State Chancellor of the Habsburg monarchy
- In office 13 May 1753 – 19 August 1792
- Monarchs: Maria Theresa (1753–1780) Joseph II (1780–1790) Leopold II (1790–1792) Francis II (1792)
- Preceded by: Count Anton Corfiz Ulfeldt
- Succeeded by: Philipp, Count of Cobenzl

Personal details
- Born: 2 February 1711 Vienna, Austria, Holy Roman Empire
- Died: 27 June 1794 (aged 83) Vienna, Austria, Holy Roman Empire
- Spouse: Maria Ernestine von Starhemberg ​ ​(m. 1736)​
- Children: 4, including Franz Wenzel
- Parent(s): Maximilian Ulrich von Kaunitz Maria Ernestine Francisca von Rietberg

= Wenzel Anton, Prince of Kaunitz-Rietberg =

Austrian statesman (1711–1794)

Wenzel Anton, Prince of Kaunitz-Rietberg (Wenzel Anton Reichsfürst von Kaunitz-Rietberg, Václav Antonín z Kounic a Rietbergu; 2 February 1711 – 27 June 1794) was an Austrian and Czech diplomat and statesman in the Habsburg monarchy. A proponent of enlightened absolutism, he held the office of State Chancellor for about four decades and was responsible for the foreign policies during the reigns of Maria Theresa, Joseph II, and Leopold II. In 1764, he was elevated to the noble rank of a Prince of the Holy Roman Empire (Reichfürst).

==Family==
Kaunitz was born in Vienna, Austria, as one of 19 children of Maximilian Ulrich, Count of Kaunitz (1679–1746) and his wife Maria Ernestine Francisca von Rietberg, née Countess of Ostfriesland and Rietberg (1687–1758), an heiress of the House of Cirksena. The Kaunitz family (Czech: Kounicové) belonged to the ancient Bohemian nobility and, like the related Martinic family, derived its lineage from the medieval Vršovci clan in the Kingdom of Bohemia. First mentioned in the 14th century, they originally lived in the Silesian duchy of Troppau, but in 1509, they moved to Slavkov Castle (Schloss Austerlitz) near Brno.

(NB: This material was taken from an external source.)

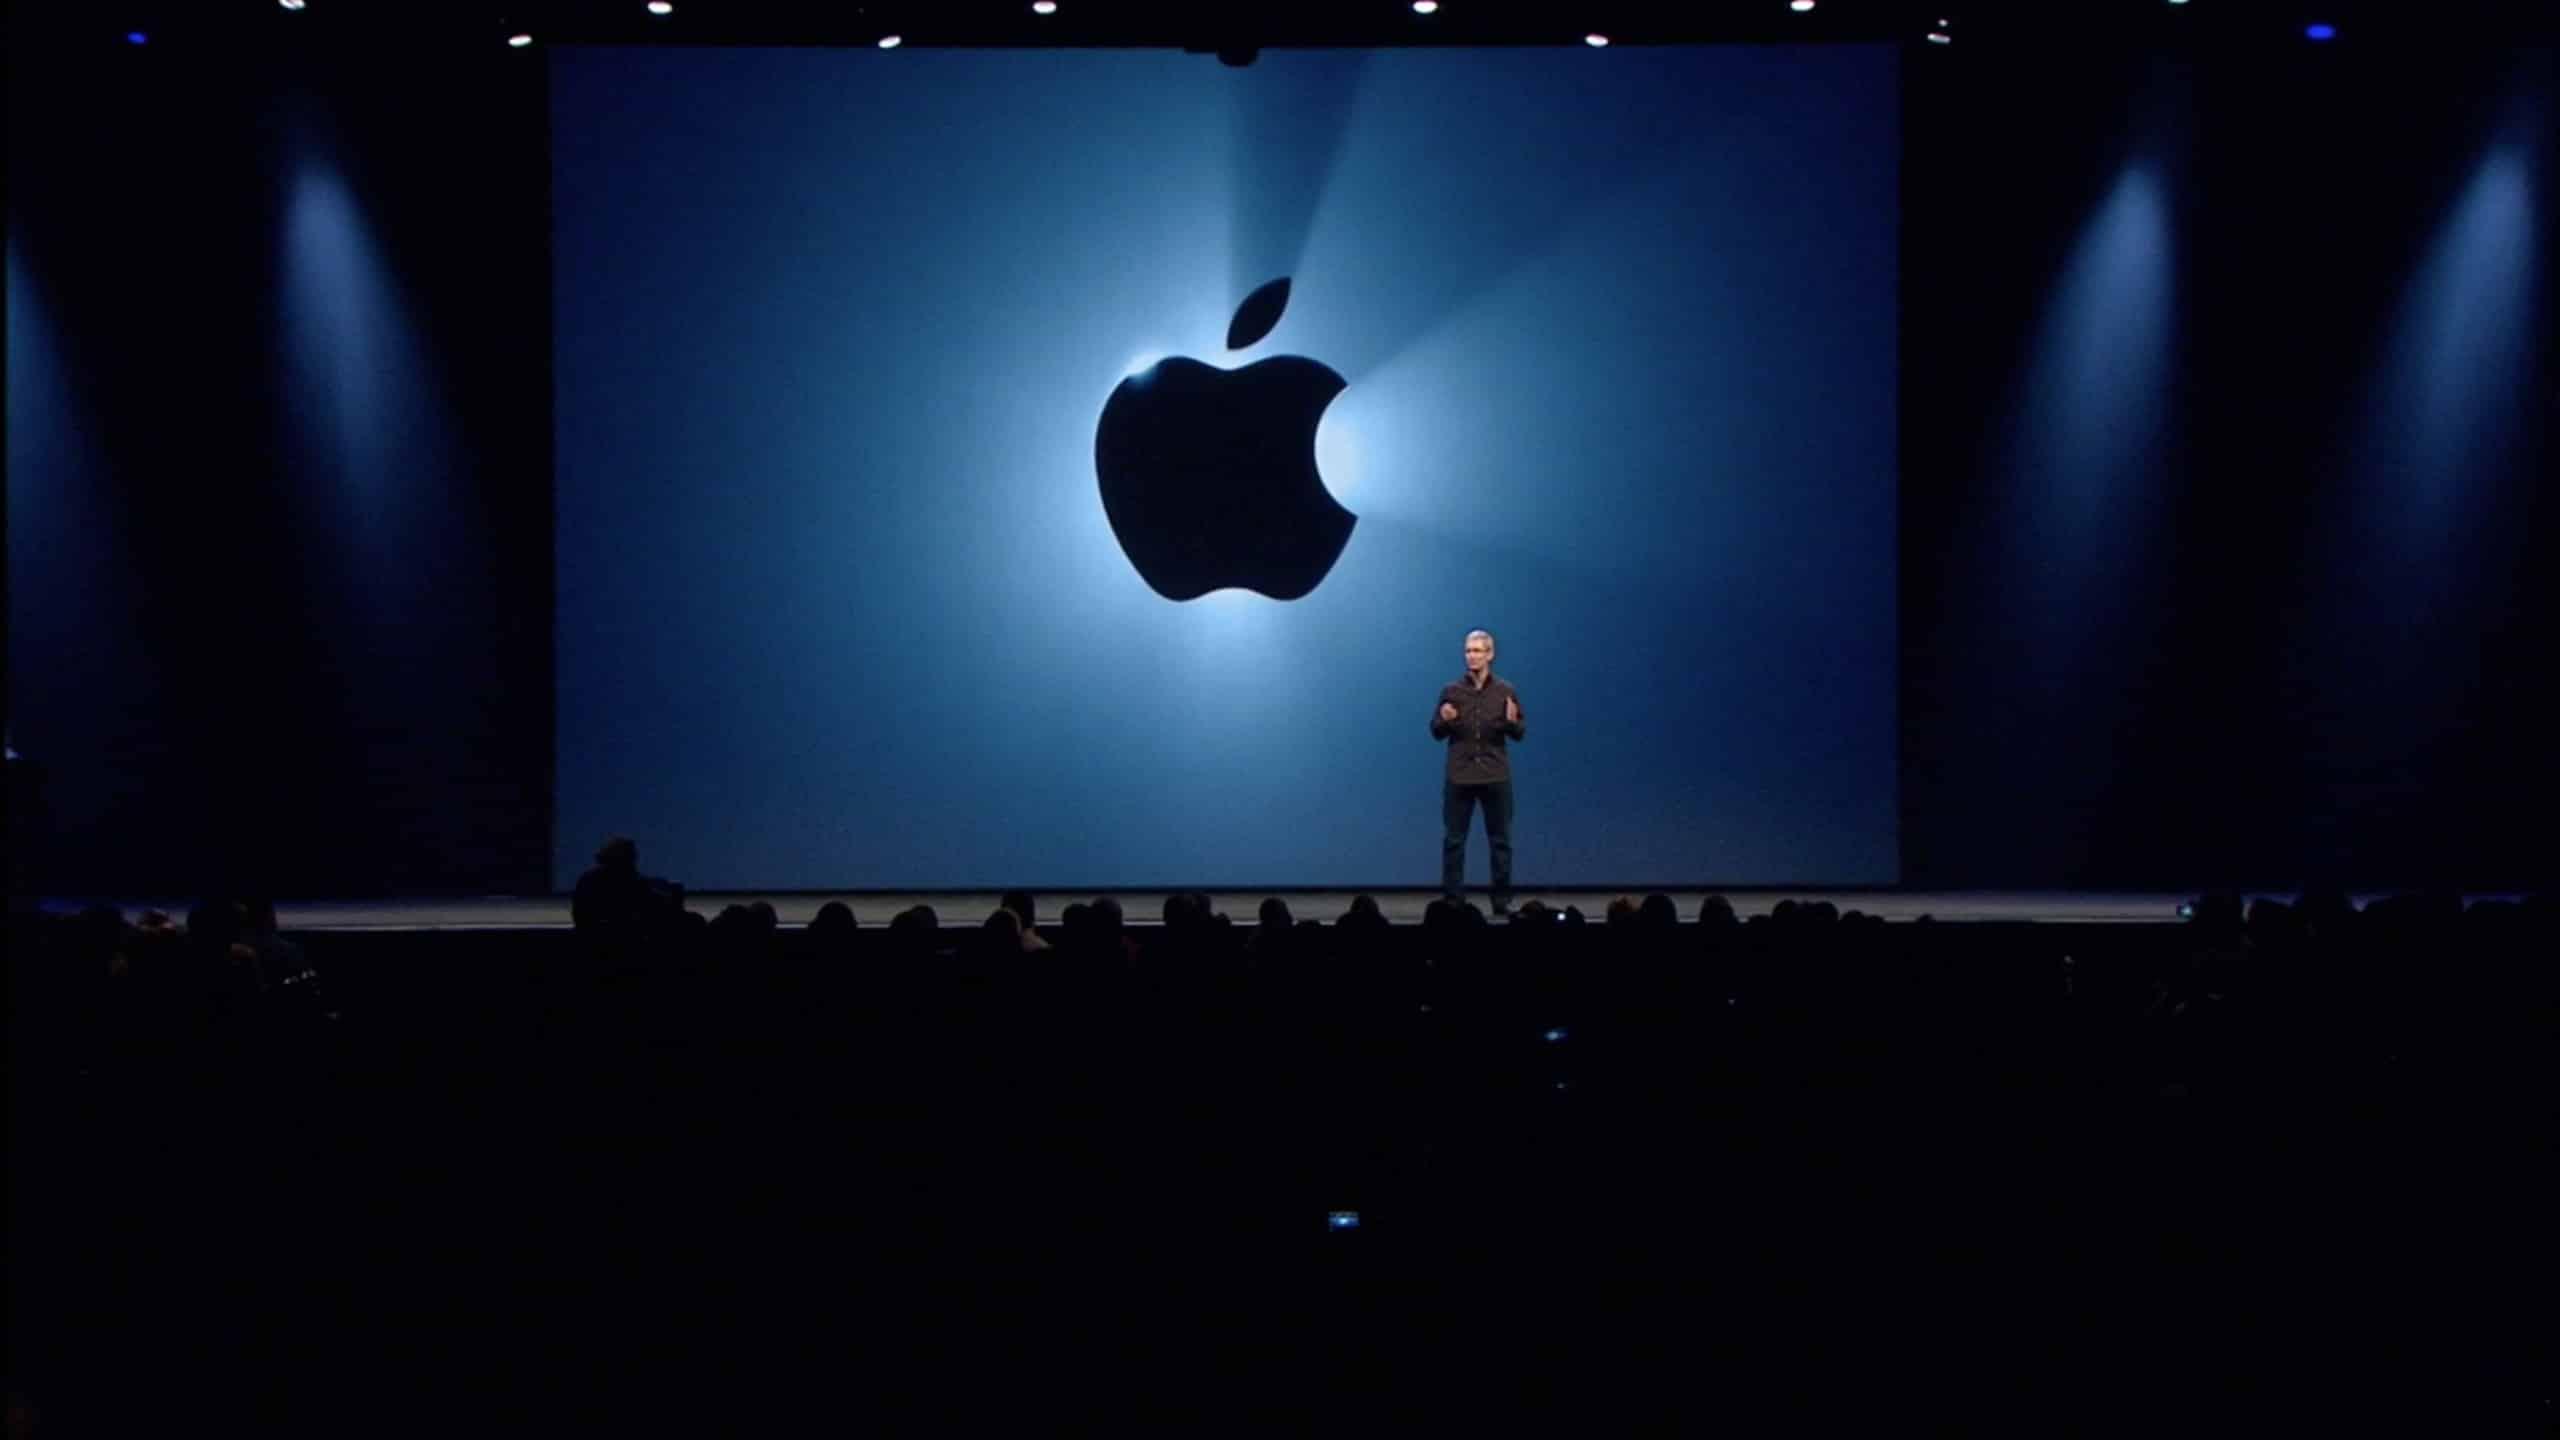 Apple a invité des journalistes à un événement le 21 mars au cours duquel il pourrait dévoiler de nouveaux produits

Wenzel Anton's grandfather, Dominik Andreas von Kaunitz (1655–1705), served as a Habsburg Geheimrat and envoy. Elevated to the hereditary rank of Count (Graf) in 1683, his diplomacy contributed to the 1686 League of Augsburg against King Louis XIV of France and the 1697 Treaty of Ryswick that ended the Nine Years' War. Wenzel Anton's father, Count Maximilian Ulrich, was appointed a member of the Aulic Council (Reichshofrat) in 1706; he served as Imperial envoy and as governor (Landeshauptmann) of Moravia from 1720. By his marriage with Marie Ernestine in 1699, he inherited the immediate County of Rietberg in Westphalia.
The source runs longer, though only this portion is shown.